In [1]:
from sklearn.model_selection import StratifiedShuffleSplit
import pandas as pd

df = pd.read_csv("../2_data/telcocustomerchurn_featured.csv")
print(df.columns.tolist())
print(df.dtypes)


churn_columns = [col for col in df.columns if 'Churn' in col]
print(churn_columns)

['Unnamed: 0', 'Count', 'Gender', 'Age', 'Under 30', 'Senior Citizen', 'Married', 'Dependents', 'Number of Dependents', 'City', 'Zip Code', 'Latitude', 'Longitude', 'Referred a Friend', 'Number of Referrals', 'Tenure in Months', 'Phone Service', 'Avg Monthly Long Distance Charges', 'Multiple Lines', 'Internet Service', 'Avg Monthly GB Download', 'Online Security', 'Online Backup', 'Device Protection Plan', 'Premium Tech Support', 'Streaming TV', 'Streaming Movies', 'Streaming Music', 'Unlimited Data', 'Paperless Billing', 'Monthly Charge', 'Total Charges', 'Total Refunds', 'Total Extra Data Charges', 'Total Long Distance Charges', 'Total Revenue', 'Satisfaction Score', 'Churn Value', 'Churn Score', 'CLTV', 'LoyaltyID', 'Partner', 'Tenure', 'Monthly Charges', 'Churn', 'Country_United States', 'State_California', 'Quarter_Q3', 'Offer_Offer A', 'Offer_Offer B', 'Offer_Offer C', 'Offer_Offer D', 'Offer_Offer E', 'Internet Type_Cable', 'Internet Type_DSL', 'Internet Type_Fiber Optic', 'Cont

In [2]:
# Drop all columns containing "Churn" in their name except the "Churn" column
churn_columns_to_drop = [col for col in churn_columns if col != 'Churn']
df = df.drop(columns=churn_columns_to_drop)

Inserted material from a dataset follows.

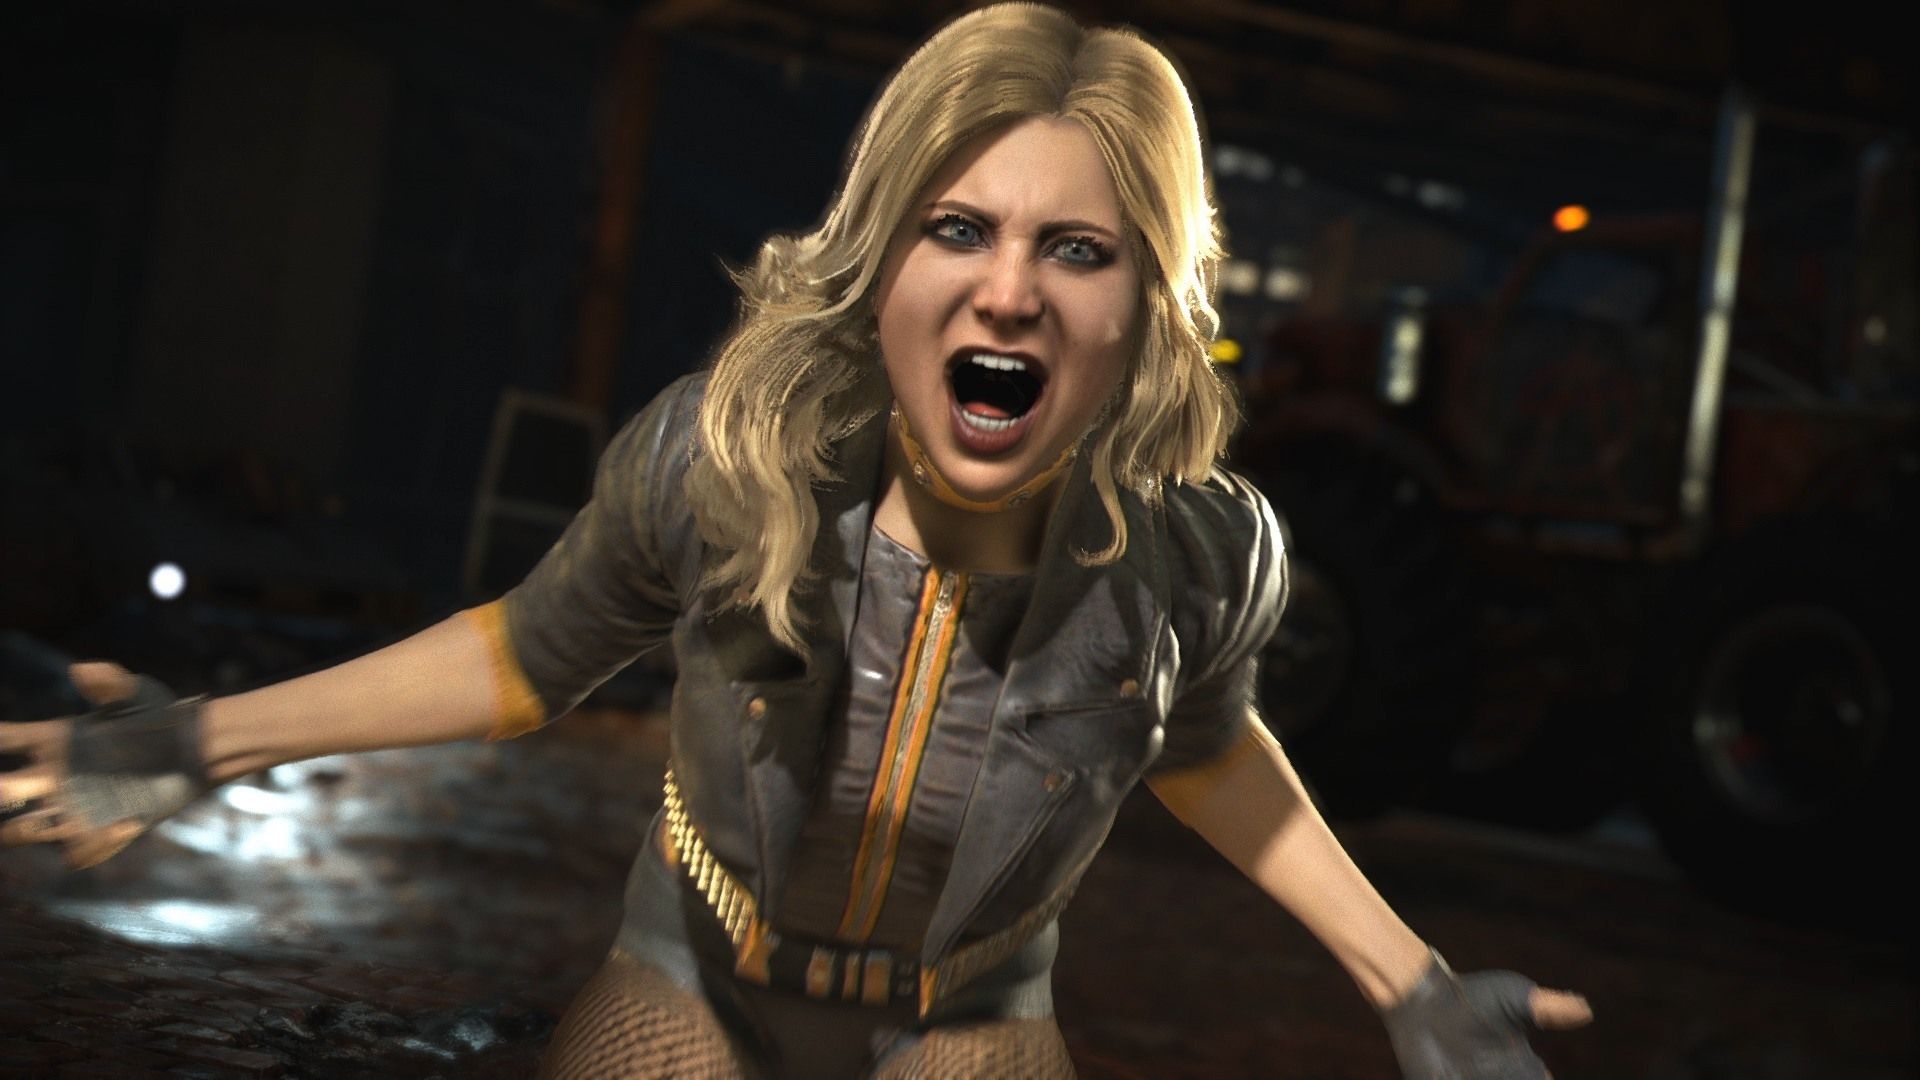 Image Result For Injustice 2 Black Canary Wallpaper - Black Canary Injustice 2 , HD Wallpaper & Backgrounds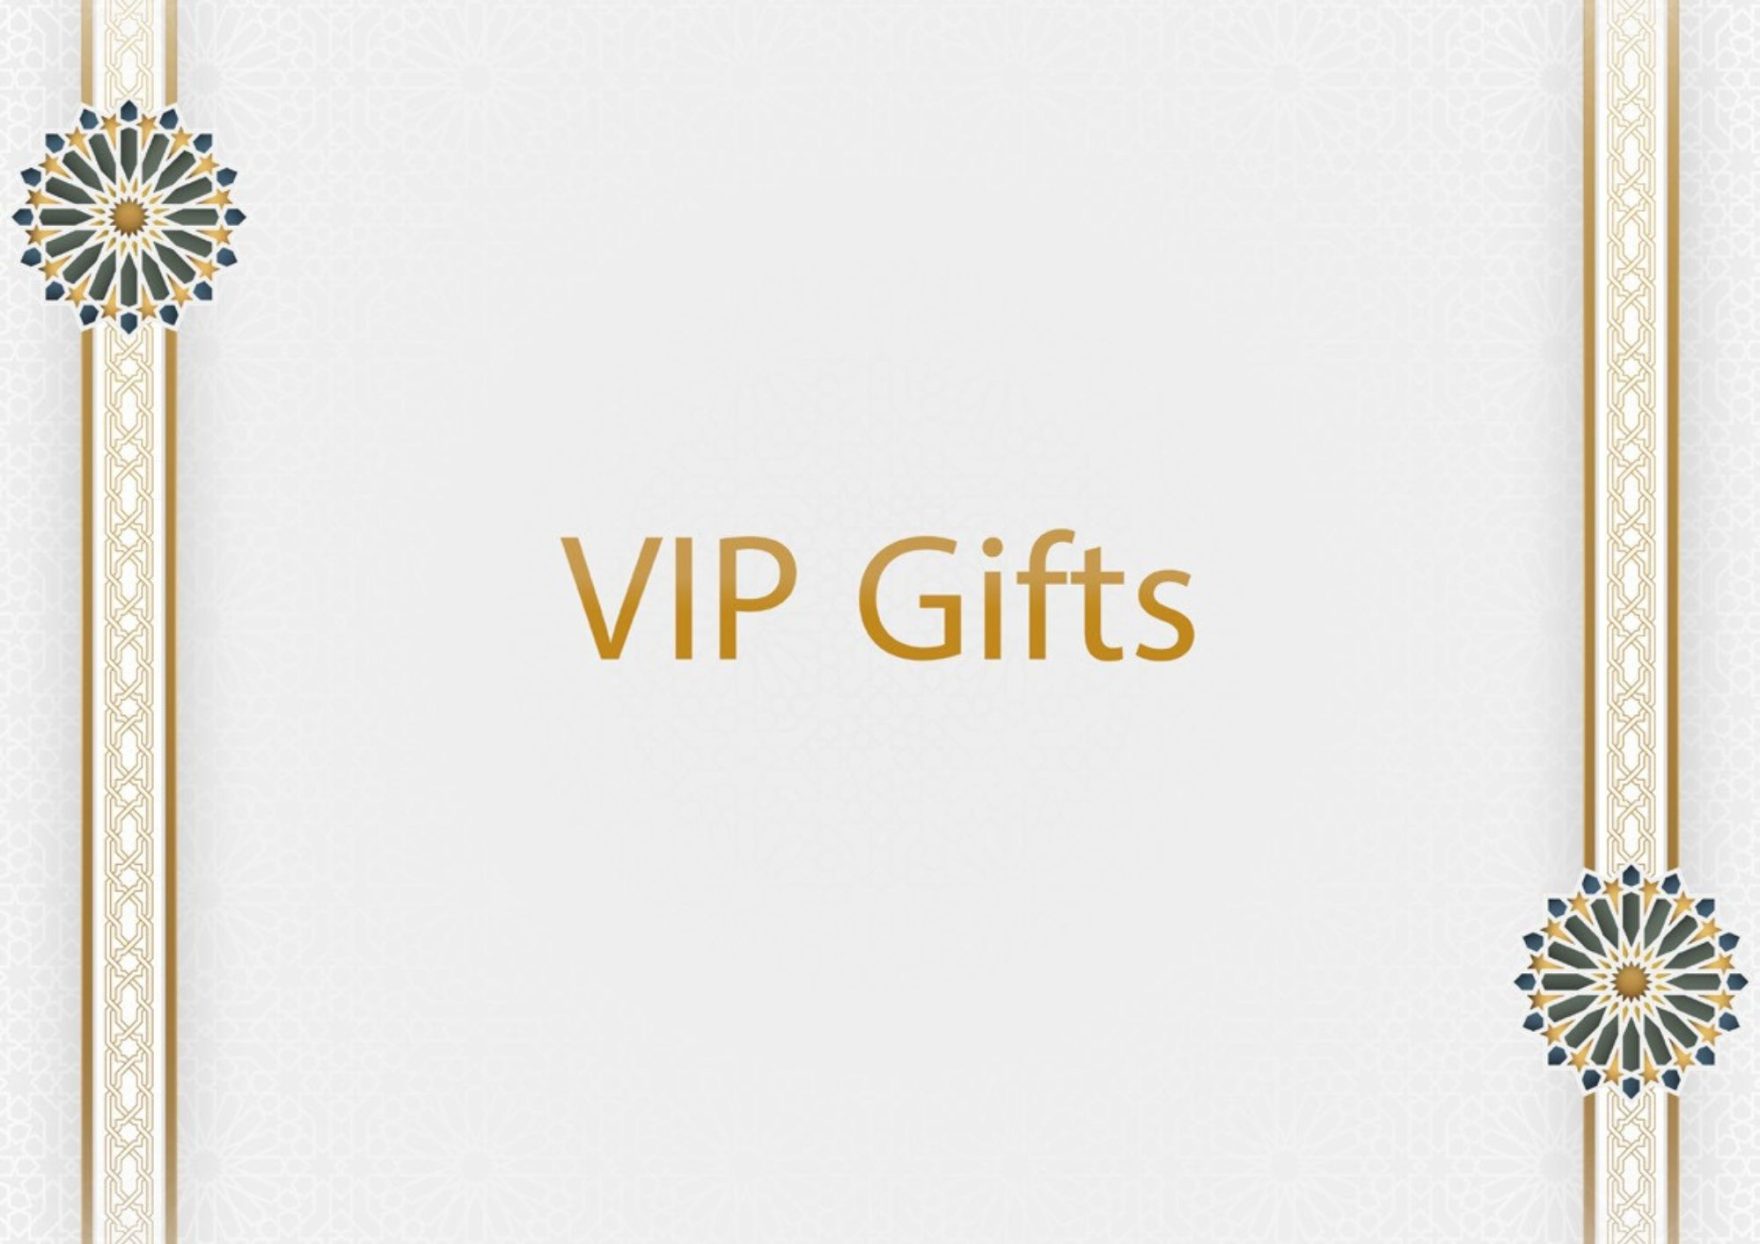 VIP Gifts

# Display the remaining columns
print(df.columns.tolist())

# Define the features and target variable
X = df.drop(columns=['Churn', 'Unnamed: 0', 'Customer Status_Joined', 'Customer Status_Stayed', 'LoyaltyID'])
y = df['Churn']

# StratifiedShuffleSplit 
sss = StratifiedShuffleSplit(n_splits=5, test_size=0.2, random_state=7)
print(sss)

for train_index, test_index in sss.split(X, y):
    print("train:", train_index, "test:", test_index)
    X_train, X_test = X.iloc[train_index], X.iloc[test_index]
    y_train, y_test = y.iloc[train_index], y.iloc[test_index]

print(f"X shape: {X.shape}")
print(f"X_train shape: {X_train.shape}")
print(f"X_test shape: {X_test.shape}")
print(f"y shape: {y.shape}")
print(f"y_train shape: {y_train.shape}")
print(f"y_test shape: {y_test.shape}")

# Save the train and test splits to CSV files
X_train.to_csv("../2_data/X_train.csv", index=False)
X_test.to_csv("../2_data/X_test.csv", index=False)
y_train.to_csv("../2_data/y_train.csv", index=False)
y_test.to_csv("../2_data/y_test.csv", index=False)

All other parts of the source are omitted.